The court then went on to discuss how generally, there is no duty of the landowner to guard against injury on adjacent property, and cited several cases that came to that conclusion. The court then discussed the case of Barnes v. Black, 71 Cal.App.4th 1473, which set forth the following rule:

“ [a] landowner's duty of care to avoid exposing others to a risk of injury is not limited to injuries that occur on premises owned or controlled by the landowner. Rather, the duty of care encompasses a duty to avoid exposing persons to risks of injury that occur offsite if the landowner' s property is maintained in such a manner as to expose persons to an unreasonable risk of injury offsite. [Citations.] ” ( Id. at p. 1478.)” Annocki v. Peterson Enterprises, LLC (2014) 232 CA4th 38

In other words, if your piece of property is set up in such a way that even people who do not physically step foot on your property can get injured, or individuals on your property are exposed to a danger off your property due to the nature of your property, you have a duty to ensure that doesn't happen. In the Barnes case, a child was killed when riding his tricycle to the play area in the apartment complex he lived in, the tricycle veered off the sidewalk, and down a steep driveway into a busy four lane street. “Several residents complained to the apartment manager, who informed the owner, of the danger presented when children rode bicycles and other wheeled vehicles along the sidewalk to the play area, passing by the steep driveway. Some children were seen careening down the driveway on wheeled vehicles, either out of control or intentionally, who would stop before entering the street by diving onto the grass.” Barnes at. 1476 The court in Barnes applied the Rowland factors above and found that in this factual situation, the apartment complex did owe a duty of care. The court specifically noted that there was no barrier between the sidewalk and the driveway, including a fence.  Once again, this is a relatively simple solution, that would have alleviated a grave risk of harm to the same tenants paying to live at the apartment complex.

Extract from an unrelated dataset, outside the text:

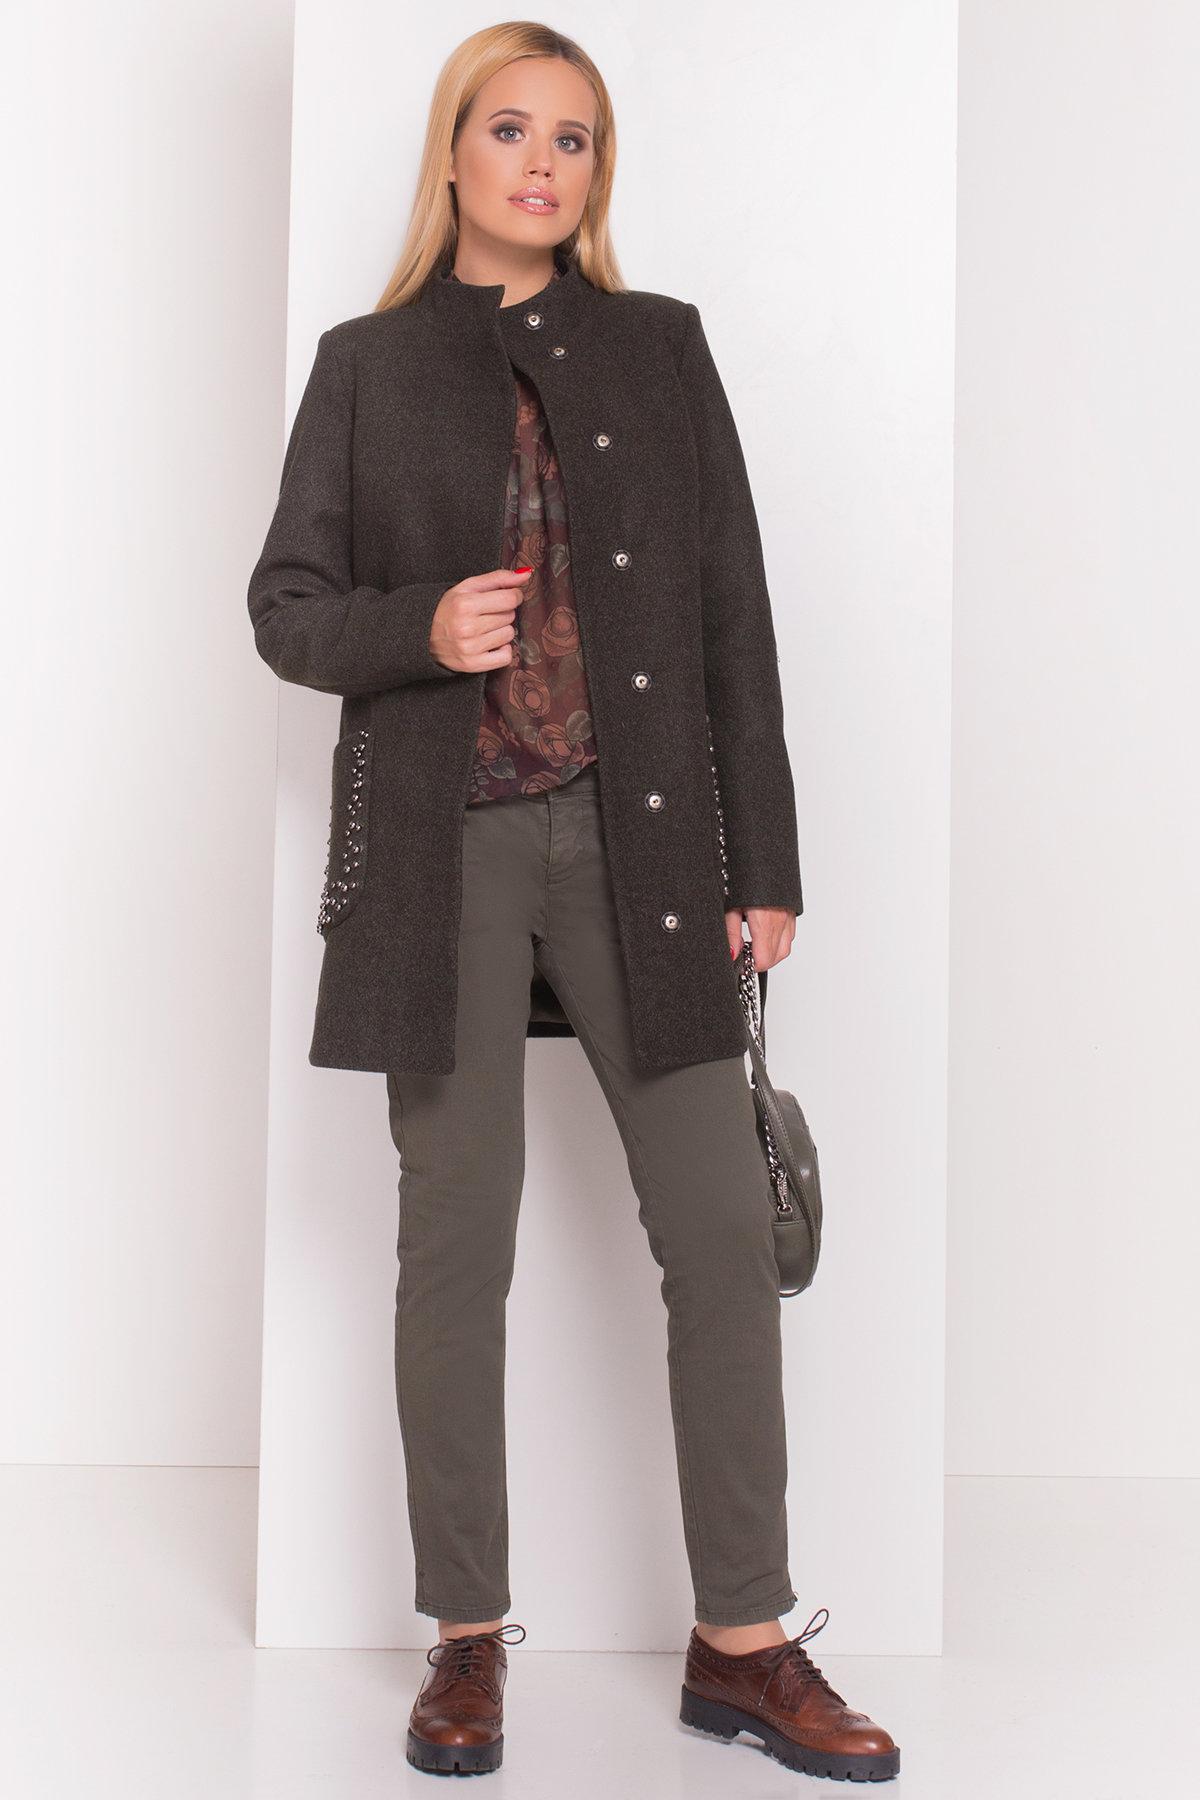 Пальто Даймон 5377 АРТ. 36746 Цвет: Хаки - фото 1, интернет магазин tm-modus.ru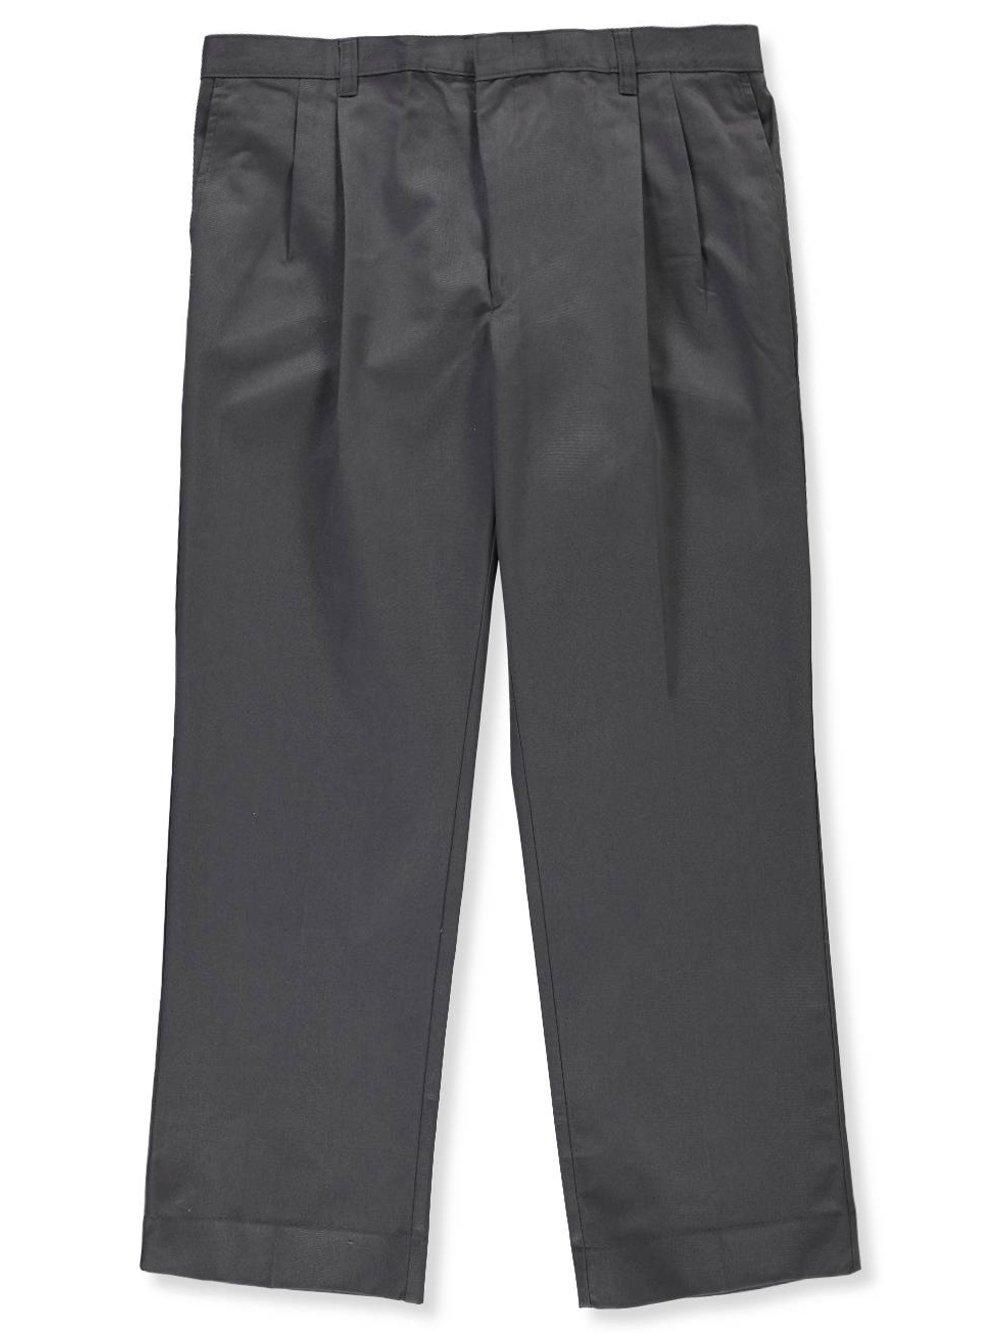 Cookie's Brand Boys' Husky Pleated Pants - Gray, 42 Husky

The Court in Annocki found that the Barnes case was analogous to their case. The Court in Annocki then applied the Rowland factors and found a clear duty on the part of the restaurant. They specifically noted that the very cheap solution of placing signs on their property warning individuals leaving their property which direction to turn, as well as the ability to use driveway paint to show which direction to turn. The Court was not stating that the restaurant had to completely renovate their driveway or their property in general. They simply could have used signs and driveway paint. Considering the large likelihood of severe injury and death that turning left out of the driveway would bring, simply requiring a business to place a sign and use driveway paint is a pretty common sense solution to the problem. As stated earlier, it is a good example of a situation where one would think common courtesy and decency would dictate a warning in general, without having to get the law involved. So, if you have been injured on the property of another, read the Rowland case and see how the factors line up with your facts

Premises Liability cases include slip and fall, trip and fall, failure to provide security, failure to warn, all types of different cases where people are hurt, and the owner/manager of the property is liable.